WORK REQUIRED |
Without the pictures, restate all of the data below word for word.

RECORDED INFORMATION |
========

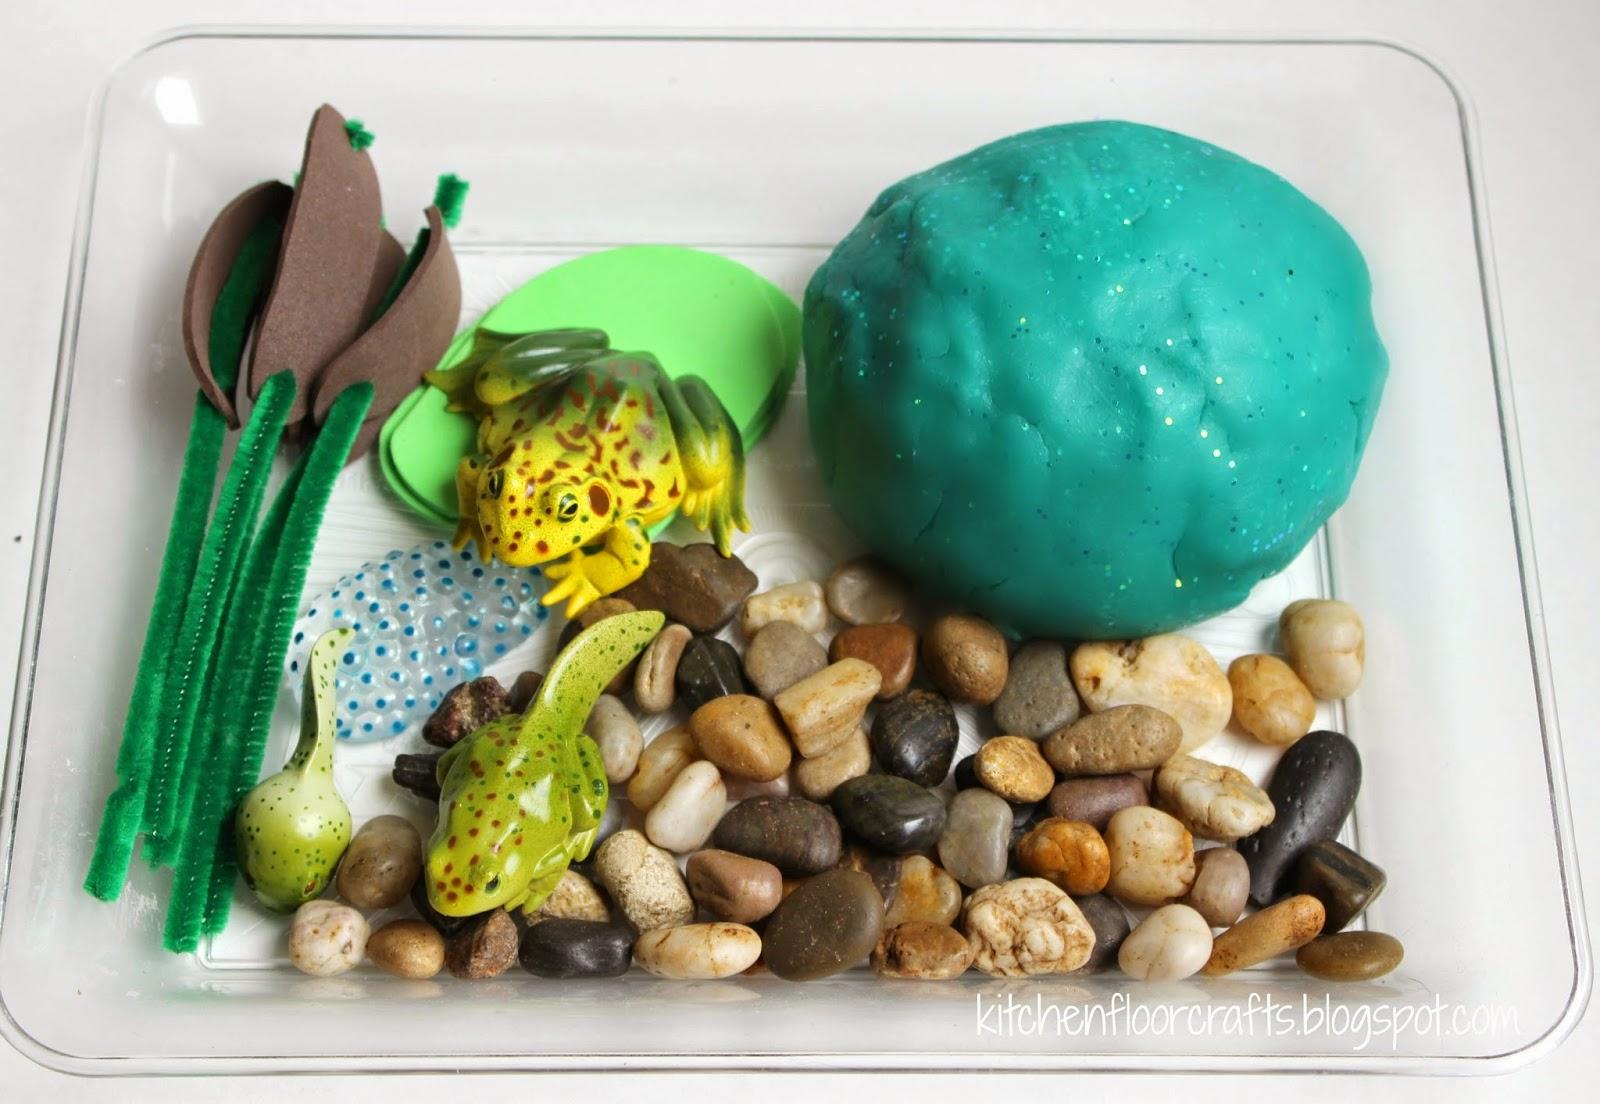 Kitchen Floor Crafts Frog Pond Playdough
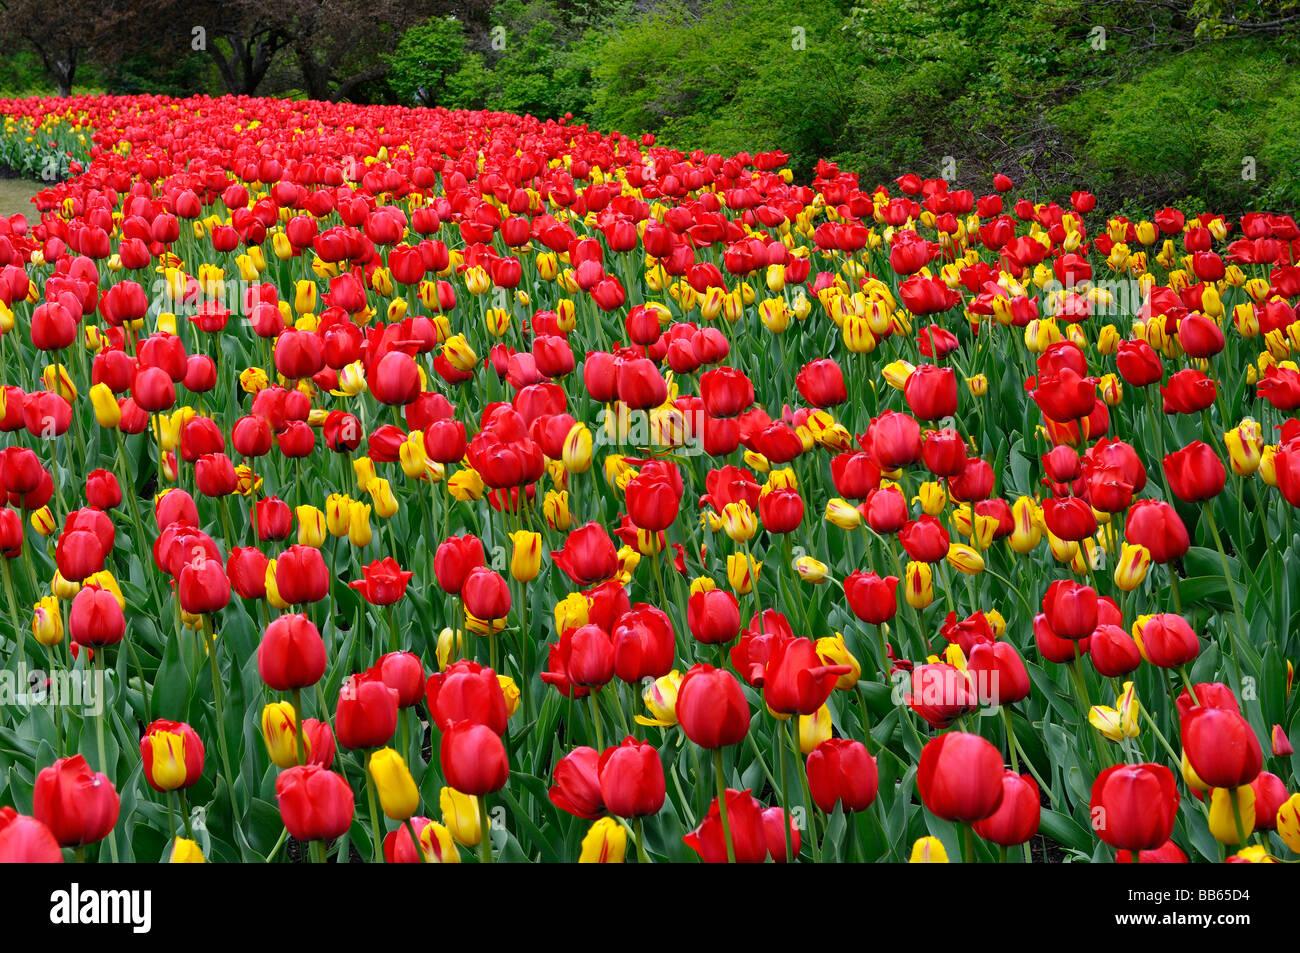 Lit de jardin panoramique de l'impression rouge et jaune tulipes de Washington au festival des tulipes d'Ottawa Photo Stock
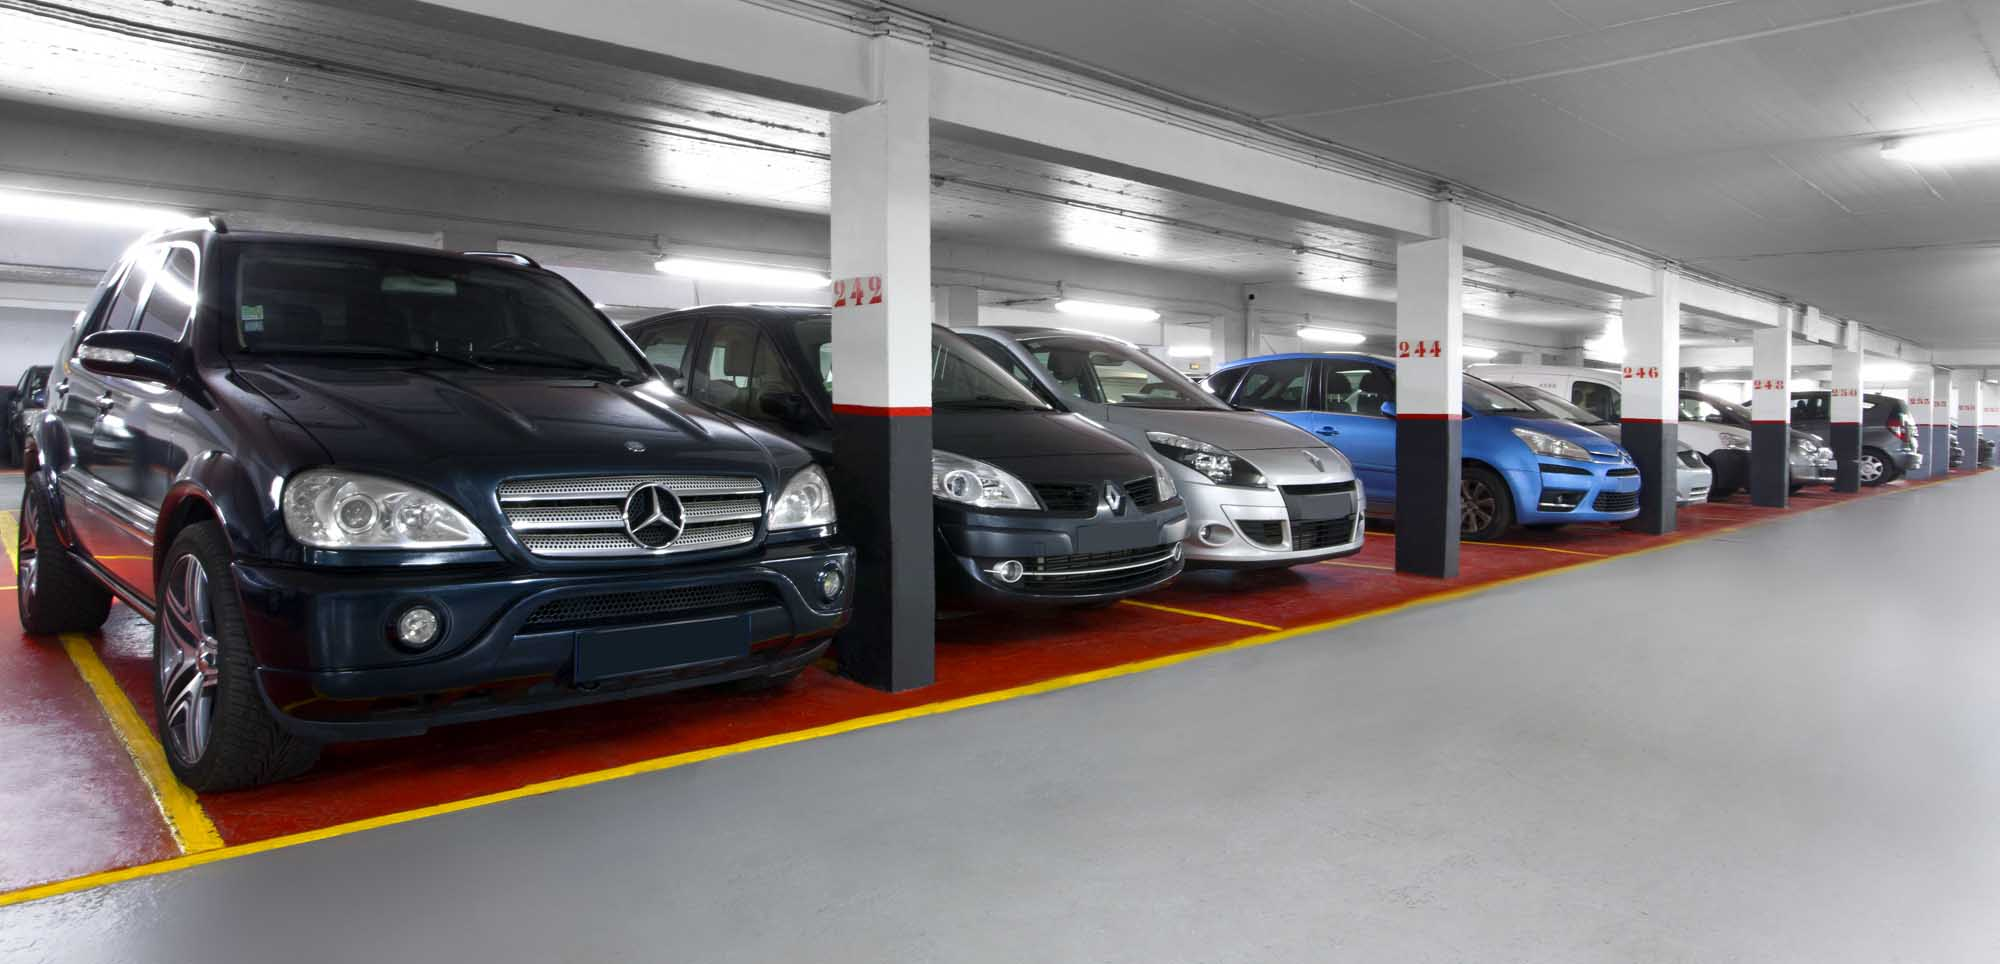 Location parking pour gagner du temps

========

RESULT |
 Kitchen Floor Crafts Frog Pond Playdough
 Lit de jardin panoramique de l'impression rouge et jaune tulipes de Washington au festival des tulipes d'Ottawa Photo Stock
 Location parking pour gagner du temps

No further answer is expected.